И мне почудилось, что если между нами с Ильёй ещё и сохранился лёд, хрусткими корками прилипший к локтям или коленям, то сейчас он с тонким звоном упал к ногам и окончательно растаял. Потому что мы могли не видеться много лет, жить своими жизнями, пускать в них новых людей, вот только однажды мы порезались об одну бритву, которая оказалась обоюдоострой, и этого уже никогда не изменить. Пусть физический урон несравним, пусть видимые шрамы разные, но те, внутренние, недоступные взору, – они одинаковые.
А ещё – красивые. Как и тело Ильи, и мне необходимо заставить его это понять.
Я нащупала рукой стоящую на подоконнике банку с краской, опустила в неё пальцы и, бросив короткий взгляд на Илью, безмолвно спросив разрешения, убедившись, что он не против, тронула шрам на ключице, бережно и даже, быть может, любовно, а потом коснулась следующего, обвела, соединила, превратила простые несовершенства в сложные узоры. И вдруг снова заговорила, закричала на своём языке, где цвет значил больше бесконечности слов, а на кончиках пальцев хранились вселенные. Впервые за шесть лет я рисовала по-настоящему, не сдерживаясь и не боясь, и податливым холстом мне служило самое драгоценное тело на свете.
– Знаешь, – шепнула я, с особой нежностью проводя пальцами по шраму на животе, – извилистая линия всегда красивее прямой.
А долгая дорога ценнее короткой, и неважно, куда она ведёт.
Назад в благословенную Аркадию.
К давно потерянному смыслу жизни.
Или попросту друг к другу.
Я вытерла последнюю незваную слезу, дёрнула за пояс сарафана, скинула его с плеч и прижалась к Илье, прильнула к его груди, упала в эти спасительные объятия, копируя узоры на своё тело, становясь его отражением, разделяя боль и красоту. Если бы я могла, я забрала бы больше, а отдала бы всё, но сейчас я была способна только потереться щекой о его перемазанную ключицу, услышать, как бьётся его сердце – живое и горячее вопреки всему! – и надеяться, что он когда-нибудь меня простит. Потому что мы были разными снаружи, но одинаковыми внутри.
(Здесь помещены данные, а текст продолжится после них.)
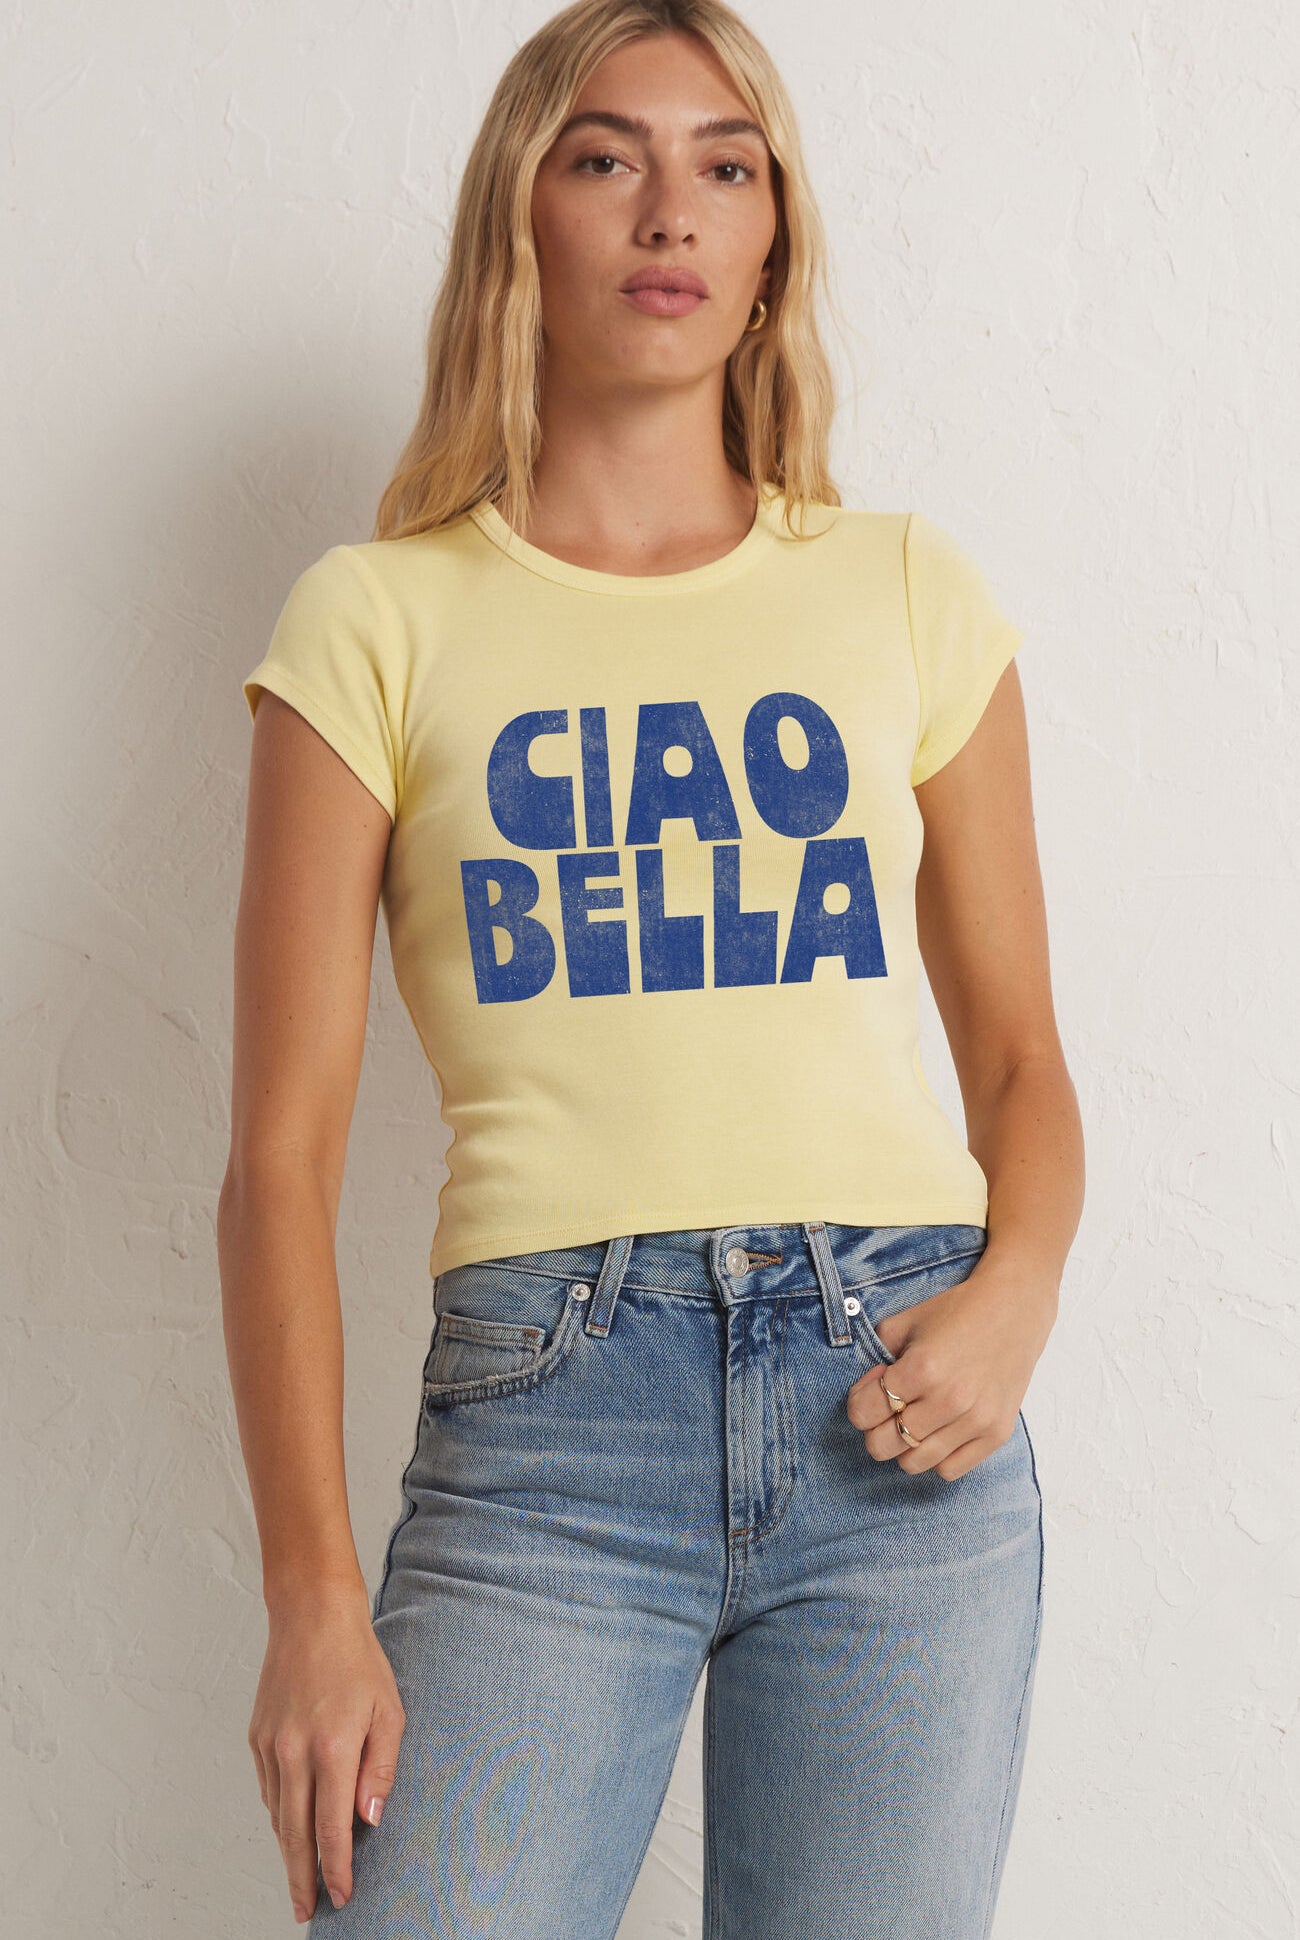 Ciao Cheeky Tee-Short Sleeves-Vixen Collection, Day Spa and Women's Boutique Located in Seattle, Washington

И в этот момент дождь, предупреждавший о своём скором приходе с самого утра, наконец пролился, оросил нас фейерверком беззаботных брызг, отскакивающих от балконных перил, смял шёлковую пелену мгновения, смахнул туман и вернул в реальность. Где-то грянул гром, и я вздрогнула, поймала взгляд Ильи, тоже будто застигнутого врасплох, смущённо улыбнулась и отстранилась.
– Извини, – пробормотала я, подняла с пола сарафан и принялась торопливо его надевать. – Даже не знаю, что на меня нашло.